- **ASSIGNMENT**: In the records below, find the line with "Law Office of" and repeat it and every line after it, exactly, without any pictures.

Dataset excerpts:
= Beginning of Section =
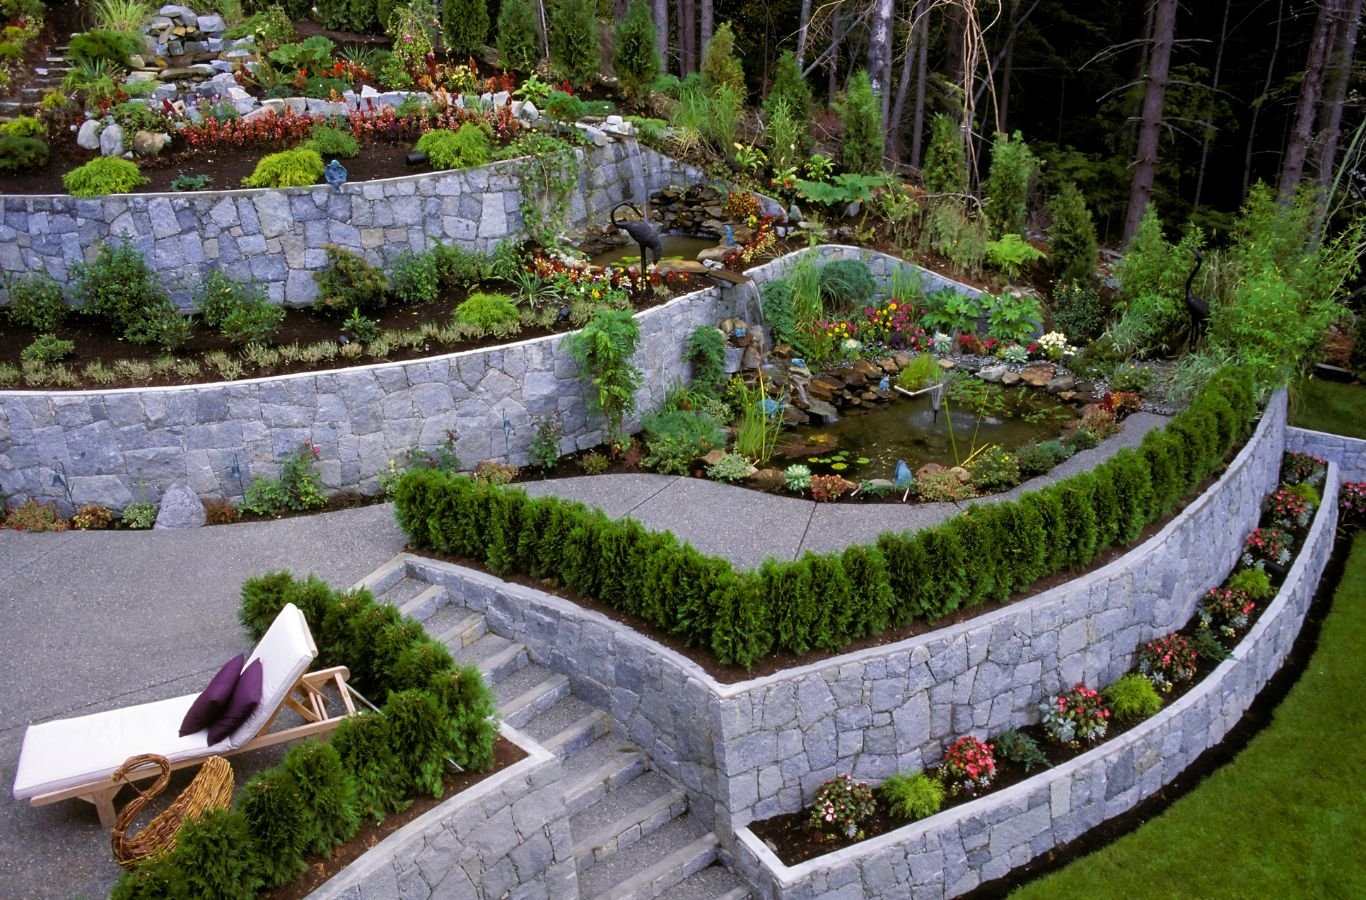 Discover the advantages of retaining walls in Vestavia Hills by FARE Outdoor Construction. Improve erosion control and add visual appeal to your property.
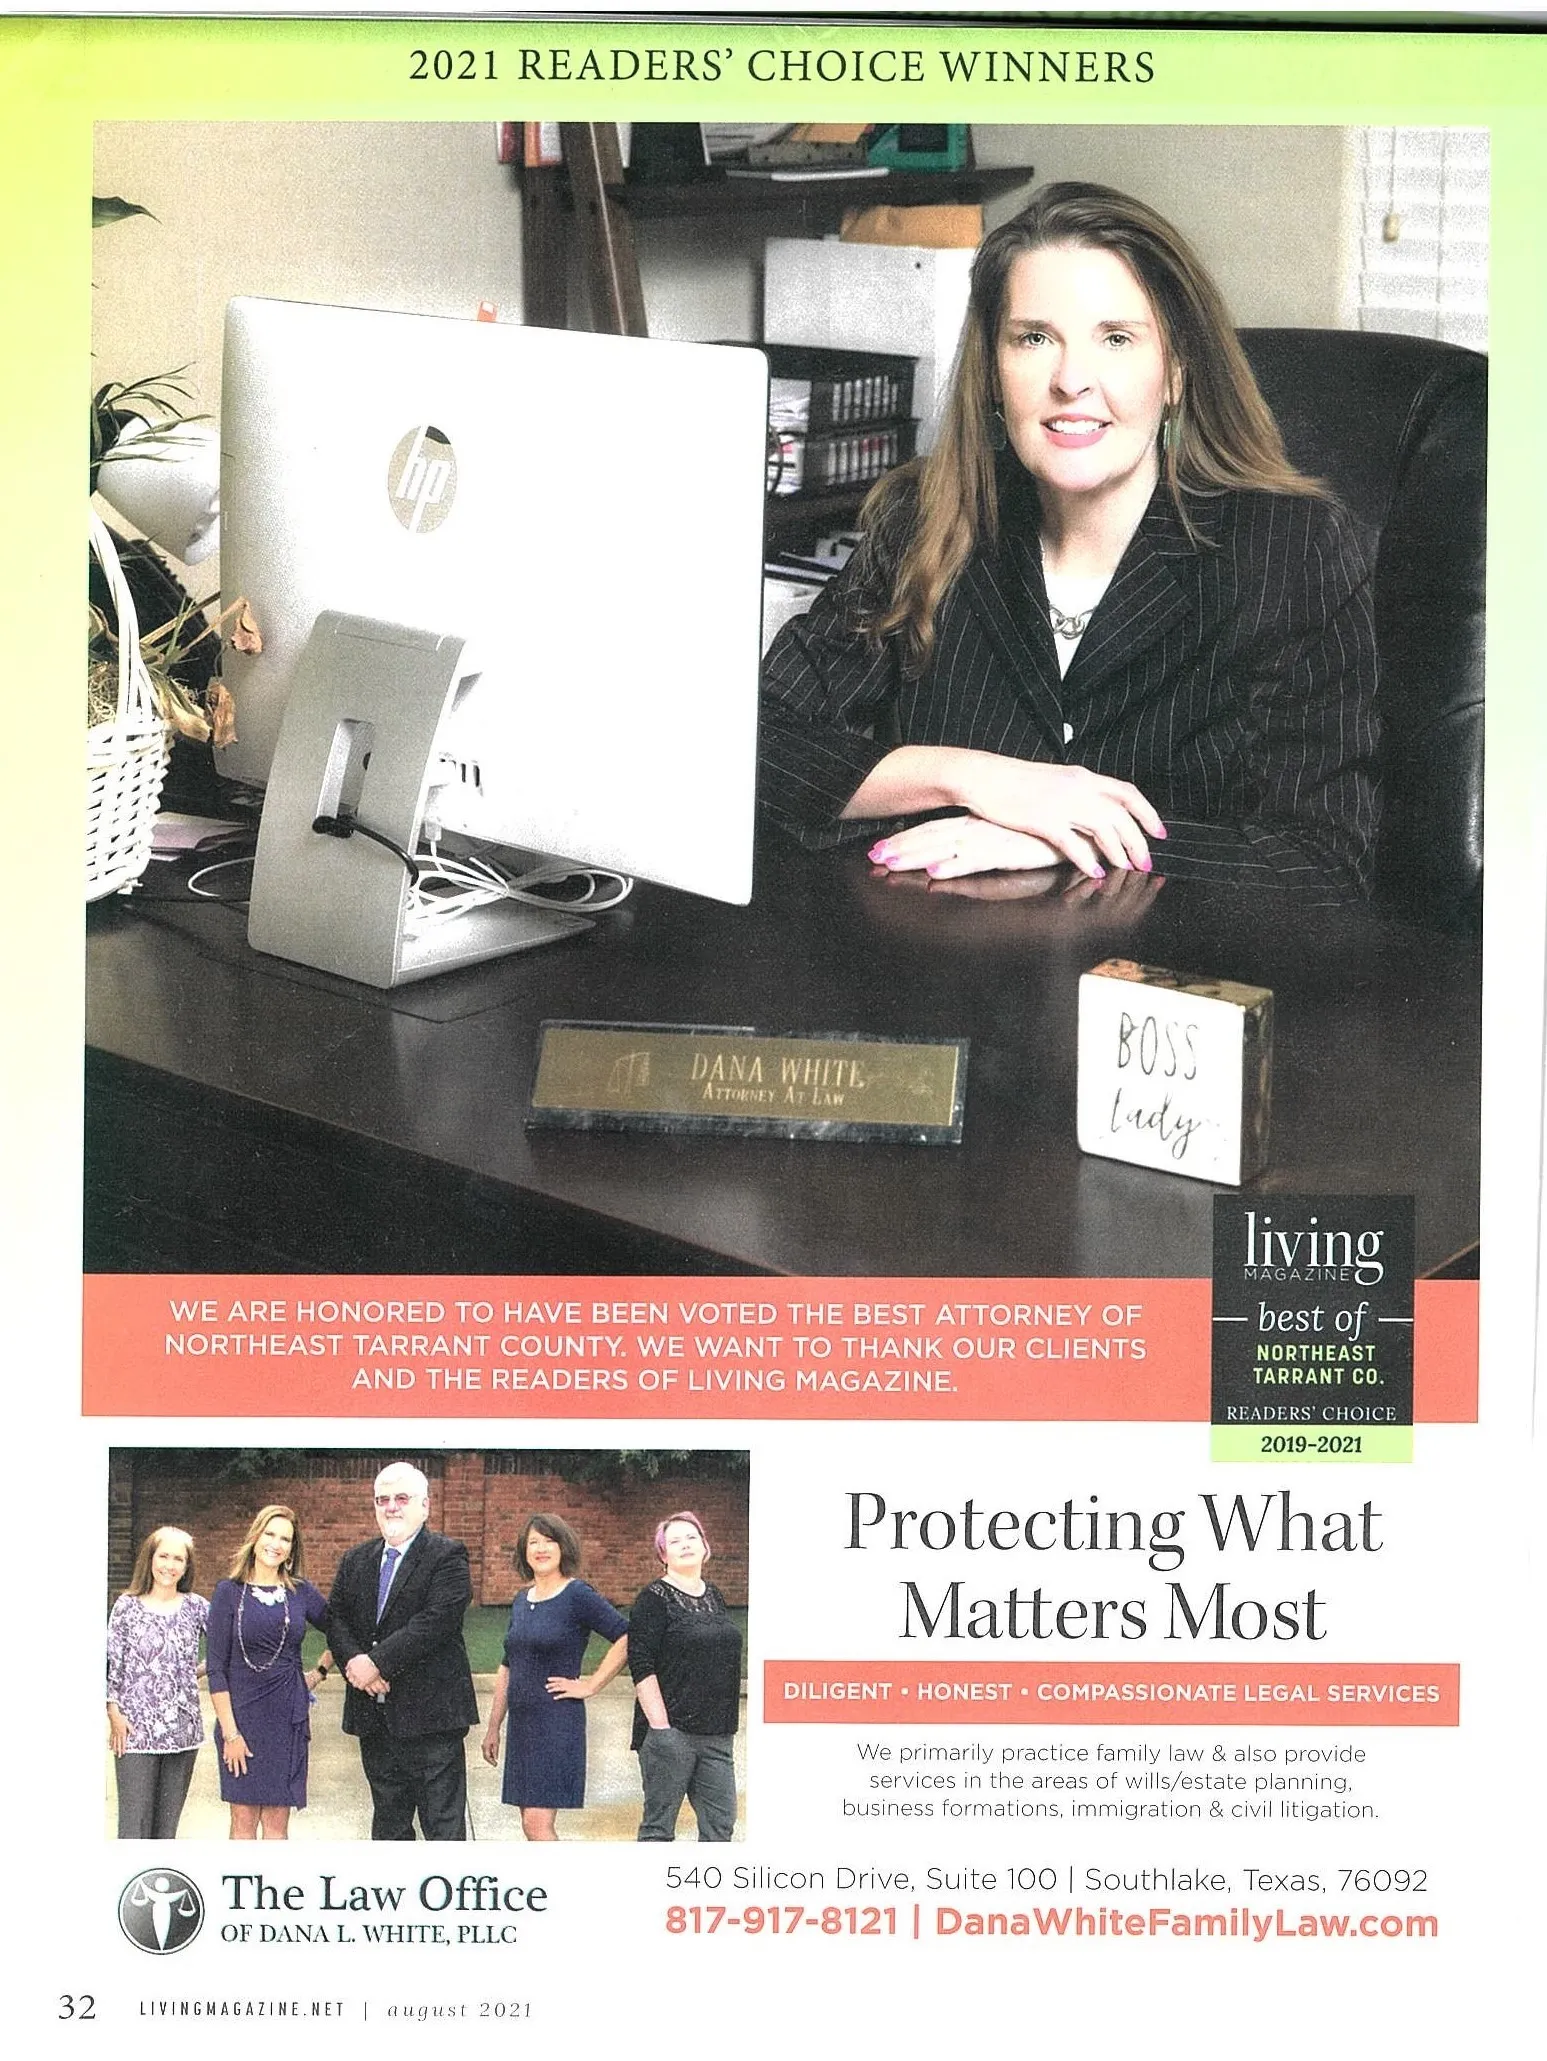 Law Office of Dana L. White - “Best Of Readers’ Choice Awards!”
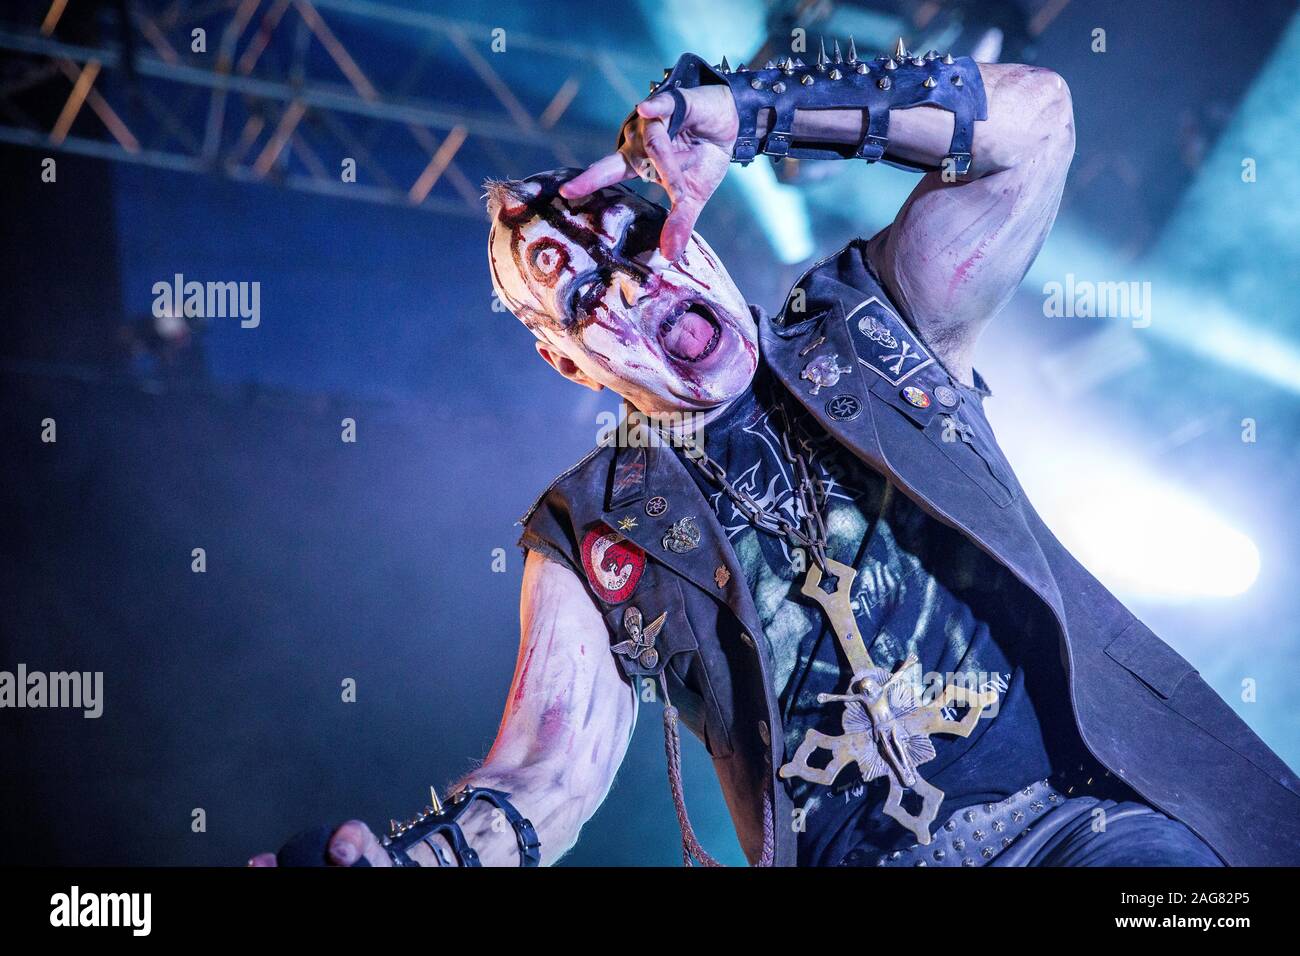 Oslo, Norway. 28th, June 2019. The Norwegian black metal band Mayhem performs a live concert during the Norwegian music festival Tons of Rock 2019 in Oslo. Here vocalist Attila Csihar is seen live on stage. (Photo credit: Gonzales Photo - Terje Dokken). Stock Photo
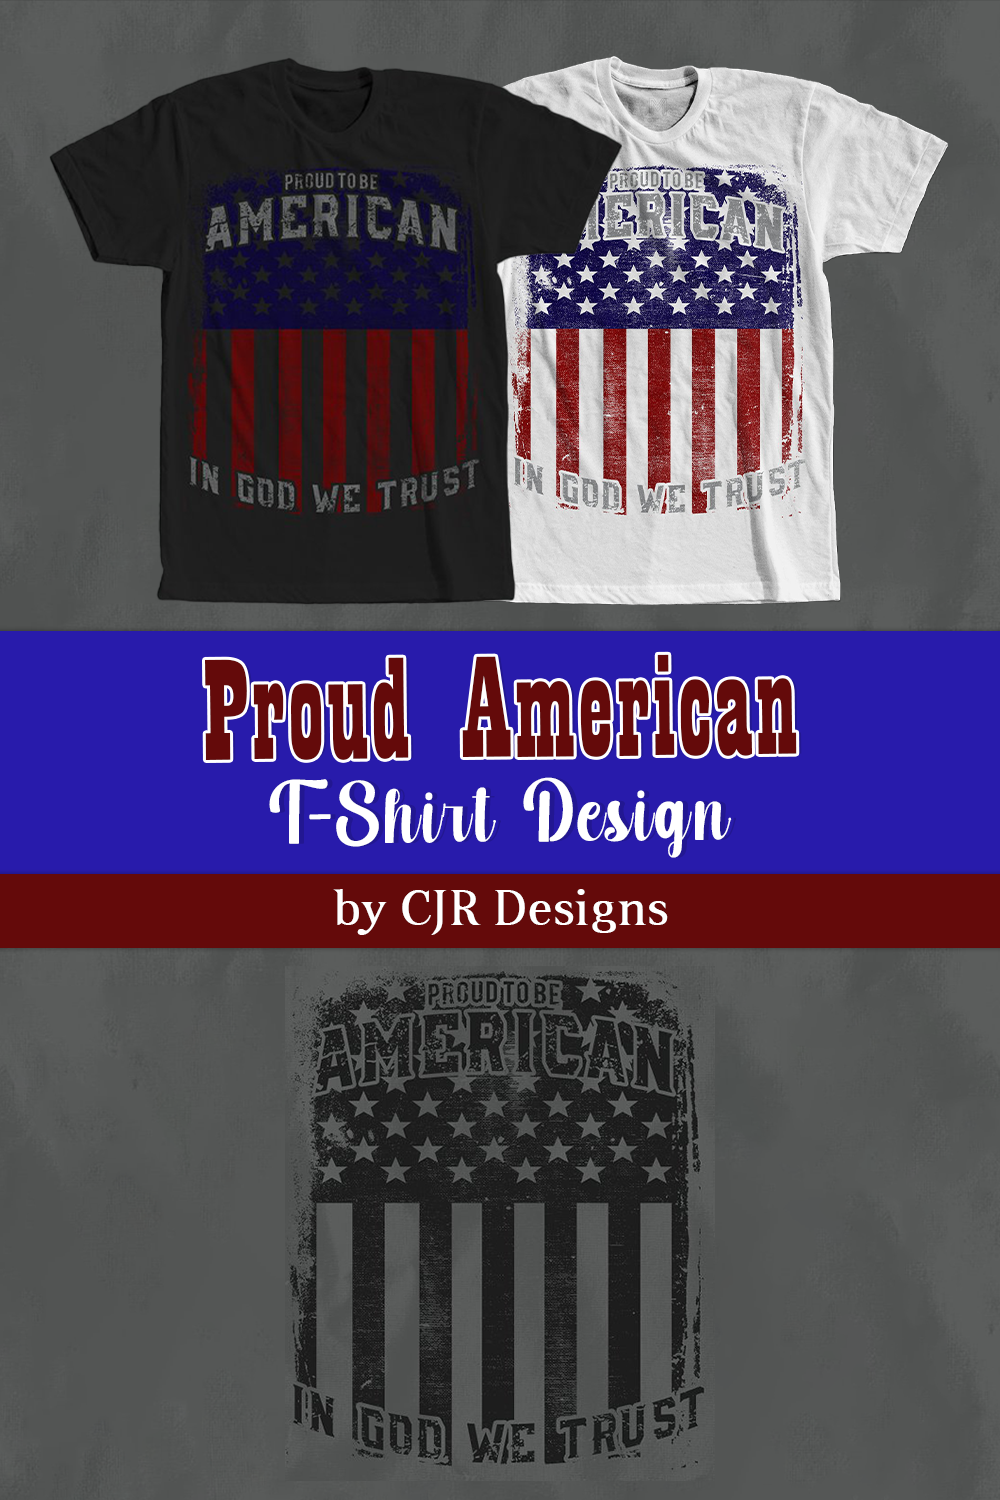 Black and white t-shirt with lovely American flag print.
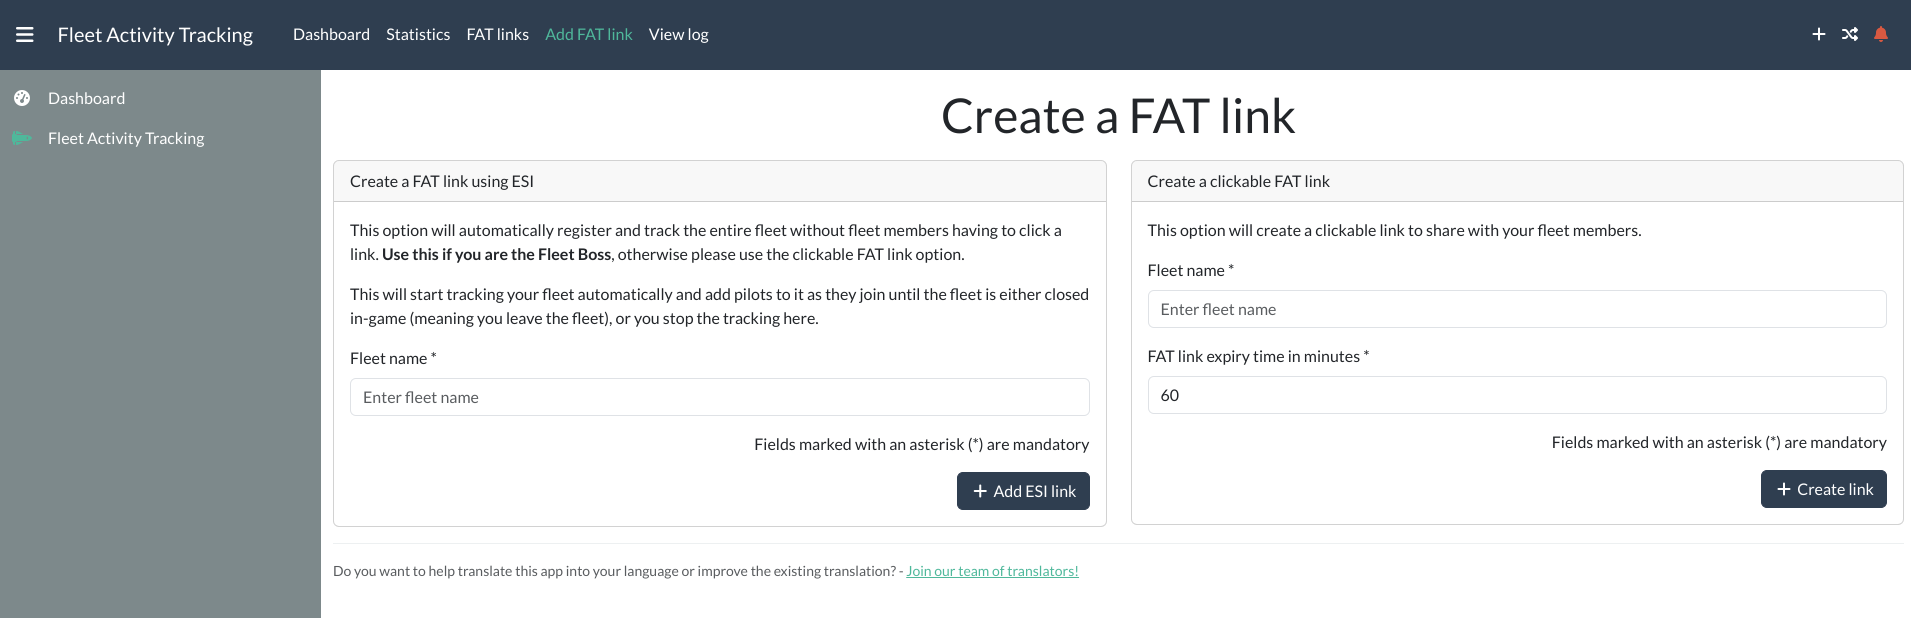 Add Fat Link View for FCs
= End of Section =
- **SOLUTION FOR THIS EXERCISE**:
 Law Office of Dana L. White - “Best Of Readers’ Choice Awards!”
 Oslo, Norway. 28th, June 2019. The Norwegian black metal band Mayhem performs a live concert during the Norwegian music festival Tons of Rock 2019 in Oslo. Here vocalist Attila Csihar is seen live on stage. (Photo credit: Gonzales Photo - Terje Dokken). Stock Photo
 Black and white t-shirt with lovely American flag print.
 Add Fat Link View for FCs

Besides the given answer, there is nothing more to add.